Estimating Model Parameters

We can estimate the beta values from the simulated data as we would for real data.

beta = X\y
After fitting a model like this in SPM, a set of beta_0001.nii, beta_0002.nii and beta_0003.nii images are created that encode the estimated beta values at each voxel.

We can also estimate the variance of the data by computing it from the residuals. This needs the degrees of freedom, which are computed from the length of y minus the rank of the design matrix X. This rank is the number of linearly independent columns (or rows), which in this case is 3.

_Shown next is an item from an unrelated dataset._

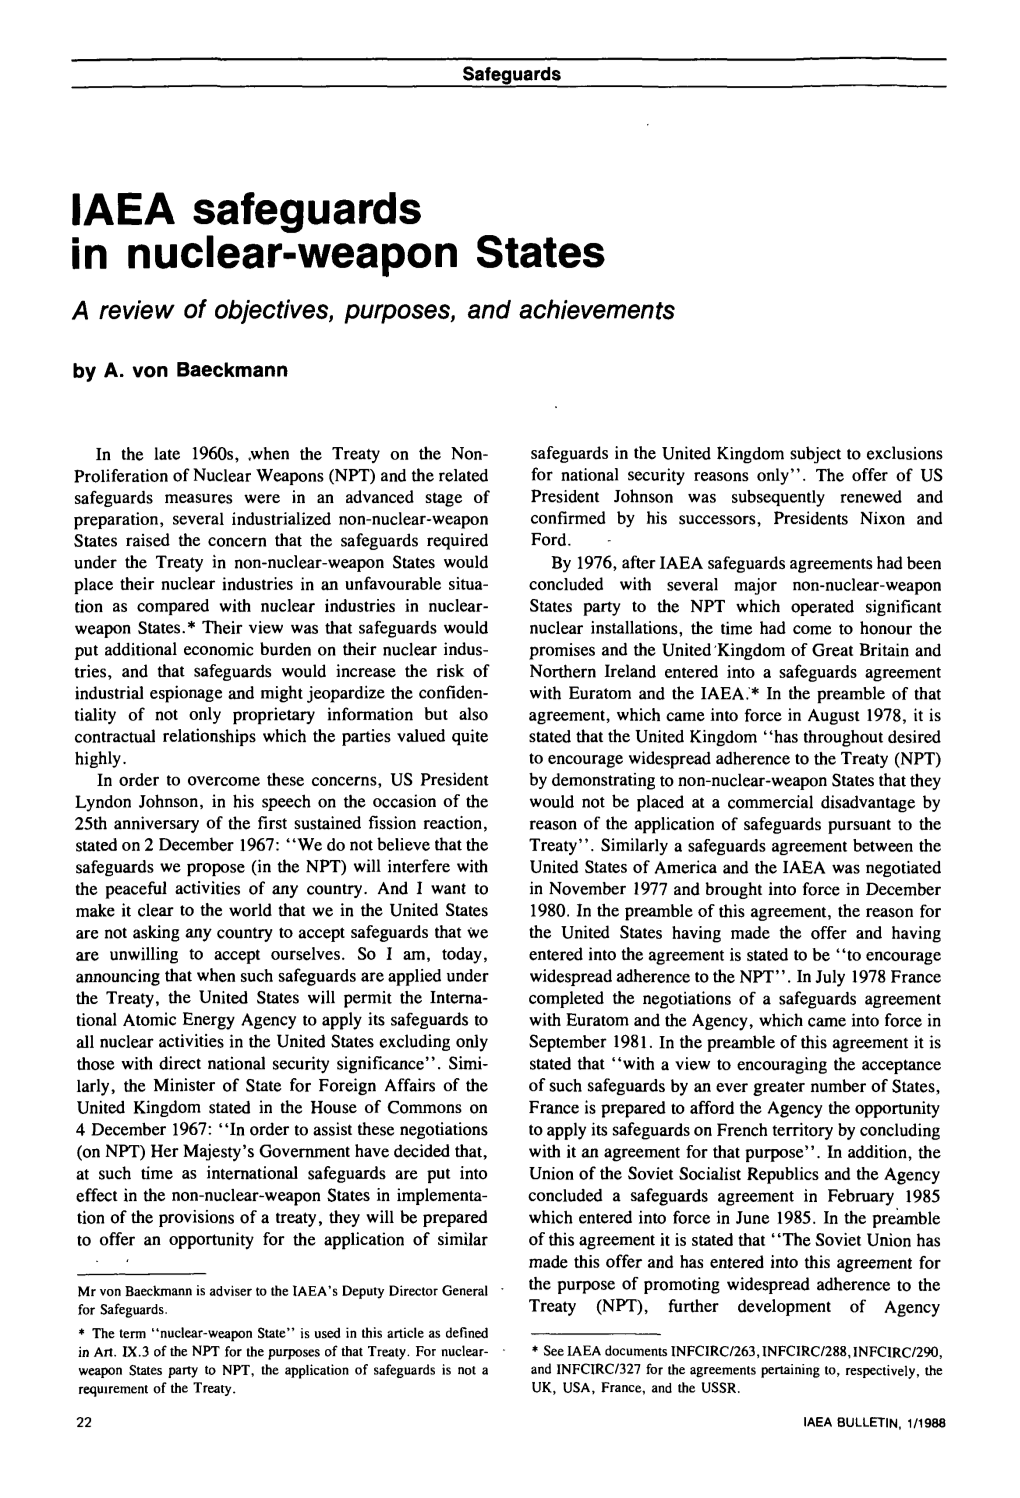 IAEA Safeguards in Nuclear-Weapon States a Review of Objectives, Purposes, and Achievements by A

nu = size(X,1) - rank(X); % Degrees of freedom
r  = y - X*beta;          % Residuals
v  = sum(r.^2)/nu
If you copy and paste the above snippets into MATLAB, you will see that the estimates (beta and v) are similar to, but not identical to the ground truth (beta_gt and v_gt).

When a statistical analysis is run in SPM, a file entitled ResMS.nii is created, which contains information about the variance estimated at each voxel.

Plotting

We can plot the (simulated) data, along with the model fit, by

plot((1:10)', y, 'k.',  (1:10)', X*beta, 'b-')
xlabel('Time')
ylabel('Signal')
legend('Data','Estimated fit')
figure(gcf)

Simple linear fit.

A plot of the data and model fit might be clearer without the linear trend in signal intensity. We can adjust what is plotted by subtracting the estimated linear trend. This is similar to what SPM does when plotting adjusted data.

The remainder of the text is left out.